Now, we calculate \((a + b)^2\):

\[ (a + b)^2 = (4 \cos \theta + 2 \sin \theta + 2 \cos \theta + 4 \sin \theta)^2 \] \[ = (6 \cos \theta + 6 \sin \theta)^2 \] \[ = 36(\sin \theta + \cos \theta)^2 \]

Since \(\sin \theta + \cos \theta = \sqrt{2}\) at \(\theta = 45^\circ\),\[ = 36(\sqrt{2})^2 = 36 \times 2 = 72 \]

Answer 2

Step 1: Set up geometry and notation
Let the inner rectangle ABCD have side lengths 4 (long side) and 2 (short side). Let it be rotated by an angle θ with respect to the sides of the outer rectangle PQRS (whose sides we denote by a and b). By symmetry, take 0 ≤ θ ≤ 90°. When a tight axis-aligned bounding rectangle contains a rotated rectangle of sides 4 and 2, its side lengths are the sums of component projections:
a = 4 cosθ + 2 sinθ, b = 4 sinθ + 2 cosθ.

Step 2: Express the area of PQRS in terms of θ
Area A(θ) = a·b = (4 cosθ + 2 sinθ)(4 sinθ + 2 cosθ). Expand and simplify using cos²θ + sin²θ = 1 and 2 sinθ cosθ = sin2θ:
A(θ) = 8(cos²θ + sin²θ) + 20 sinθ cosθ = 8 + 10 sin2θ.

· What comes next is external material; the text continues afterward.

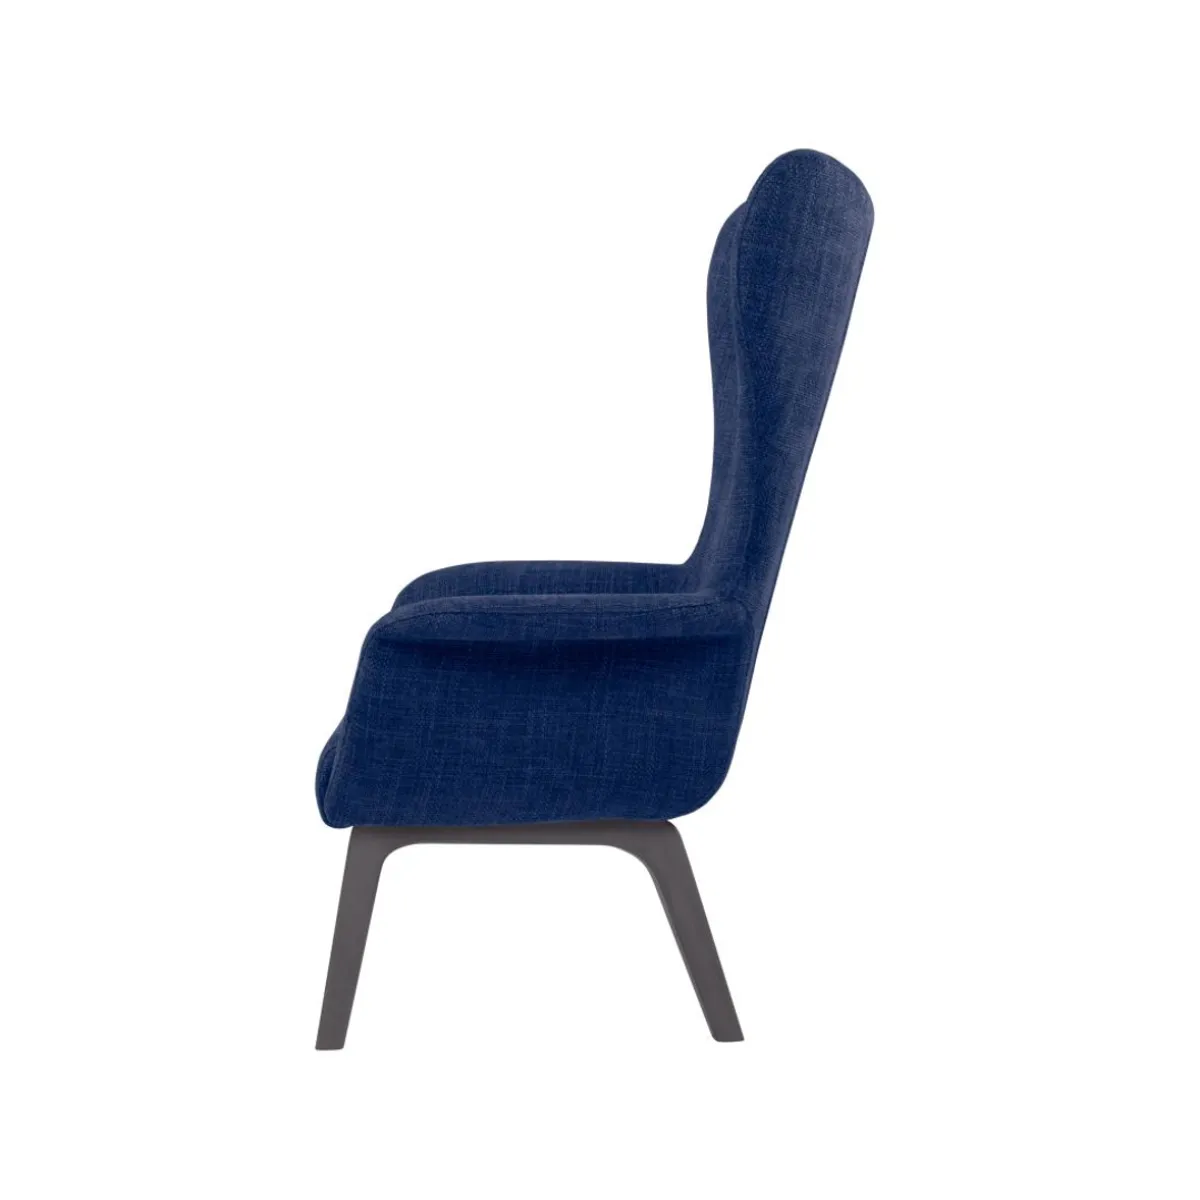 Avery wing back chair3

Step 3: Maximize the area and find the corresponding a, b
Since −1 ≤ sin2θ ≤ 1, A(θ) is maximized when sin2θ = 1 ⇒ 2θ = 90° ⇒ θ = 45°. Then cosθ = sinθ = √2/2. Substitute into a and b:
a = 4(√2/2) + 2(√2/2) = 3√2, b = 4(√2/2) + 2(√2/2) = 3√2.
So the maximum-area outer rectangle is a square with side 3√2 (area 18).

Step 4: Compute (a + b)²
a + b = 3√2 + 3√2 = 6√2 ⇒ (a + b)² = (6√2)² = 72.

Final answer
72